Thomas Keller's Beverly Hills outpost sits across from the Montage hotel, but its brasserie look is so achieved that you are practically beamed to Paris. Keller, known for his precision, seems liberated by the brasserie style. The boudin noir plays the sweetness of caramelized apples against the airiness of pureed potatoes and the earthiness of plump blood sausage. Gnocchi à la parisienne are flawlessly pan seared. The short ribs are tender, and their homey sauce is as considered as a well-turned epigram.

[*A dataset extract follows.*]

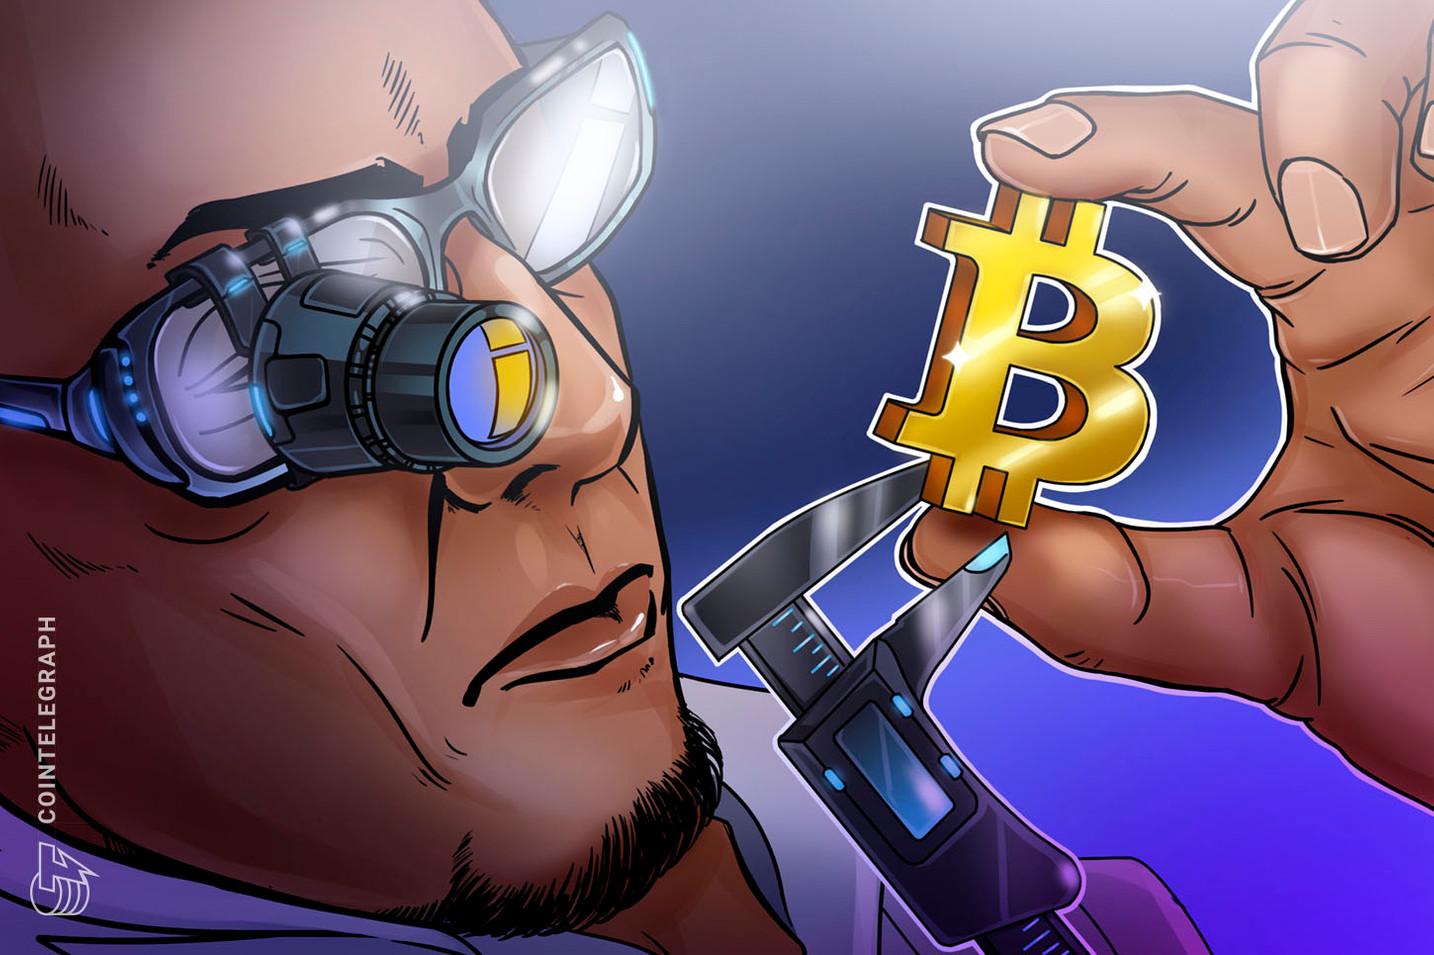 Les commerçants de Bitcoin regardent 32 330 $ avant l'expiration des options BTC de XNUMX millions de dollars de vendredi

Best Croque Madame, August 2011
Brioche, ham, cheese, béchamel, egg. If slices of raw yellowtail were included in the ingredients for a classic croque madame sandwich, we would have bowed to the creative version at Hatfield's. The supersize, superrich heart attack-on-bread at Petrossian (of all places) is what we crave the morning after a rough night. But it was the Beverly Hills branch of Bouchon, Thomas Keller's brasserie, that reached the pinnacle of this brunch indulgence. Slices of toasty, inch-thick brioche (80 percent butter!) enfold a delectable pairing of mild French ham and pungent Gruyère cheese crowned by a nearly flawless over-easy egg and a satiny puddle of Mornay sauce. The resulting dish is deceptively quaint. While none of the ingredients dominates, in combination they conquer your day, especially when accompanied by a mimosa and something chocolatey on the sunny patio.